Pingkan Rahma, Supergirl dari Perth
Judul: Serial Pingkan 1, Sehangat Mentari Musim Semi
Penerbit: Pingkan Publishing
Penulis: Muthmainnah
Harga: Rp 32.000
Di sela-sela mengedit salah satu buku terbaru, daripada bete, bikin revieuw ah... kali ini saya mencoba membikin coretan tentang salah satu buku yang paling 'bersejarah' dalam hidup saya. Yup, Serial Pingkan. Khususnya Pingkan 1: Sehangat Mentari Musim Semi.

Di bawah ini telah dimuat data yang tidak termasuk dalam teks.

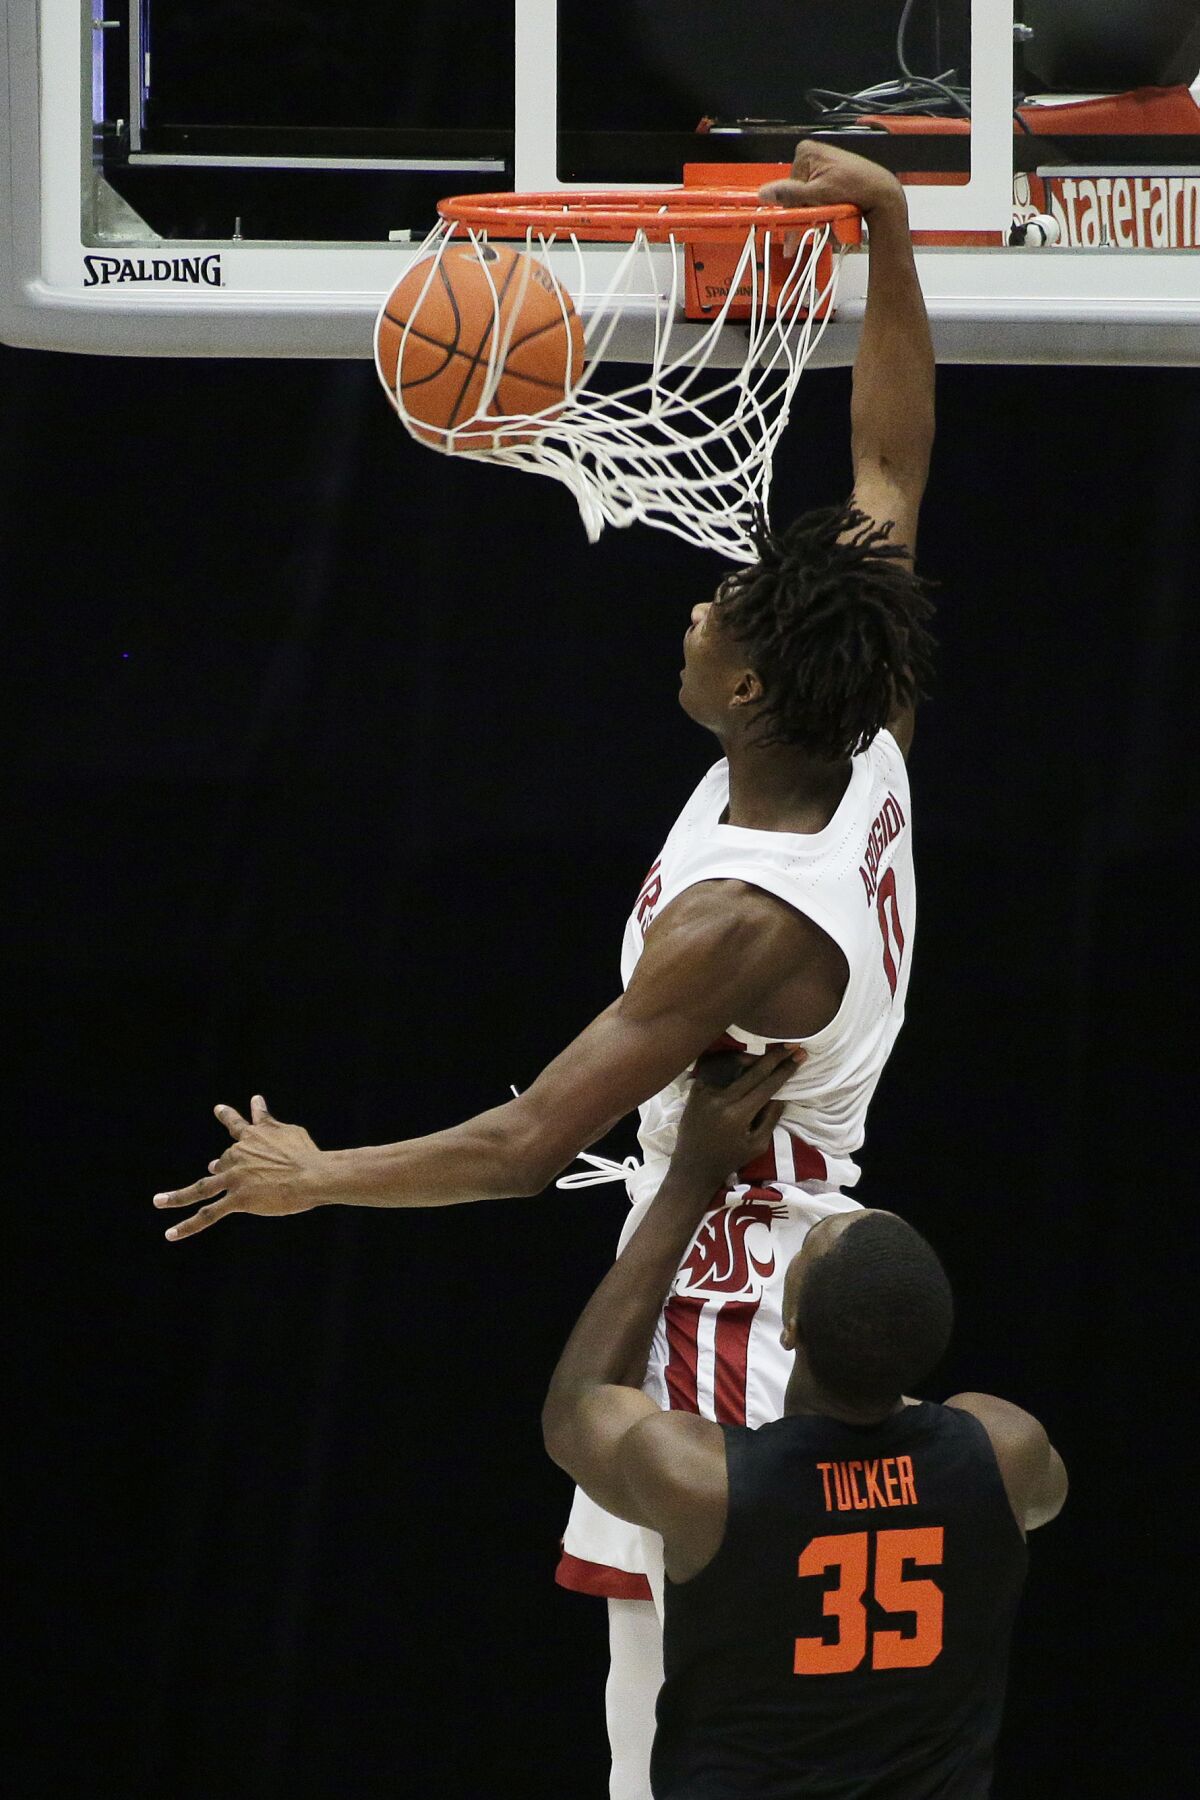 Washington State center Efe Abogidi (0) dunks in front of Oregon State forward Dearon Tucker (35) during the second half of an NCAA college basketball game in Pullman, Wash., Wednesday, Dec. 2, 2020. Washington State won 59-55. (AP Photo/Young Kwak)

Buku ini pernah terbit pada akhir tahun 1998-an oleh Penerbit Syaamil... dan direpublish oleh Pingkan Publishing bekerjasama dengan Majalah Gizone pada 2010. Jangan khawatir, kelanjutan Pingkan 1 juga ada lho... judulnya Seperti Daisy di Musim Semi. Tetapi nanti aja deh, kita bahas buku kedua itu ya?!
Buku ini berkisah tentang Pingkan Rahma, gadis padang yang lincah, cerdas, tomboy dan humoris. Ia kuliah di Perth, Australia. Jurusannya fisika, IPK-nya 3,7! (anak MIPA fisika boleh protes tuh, hehe).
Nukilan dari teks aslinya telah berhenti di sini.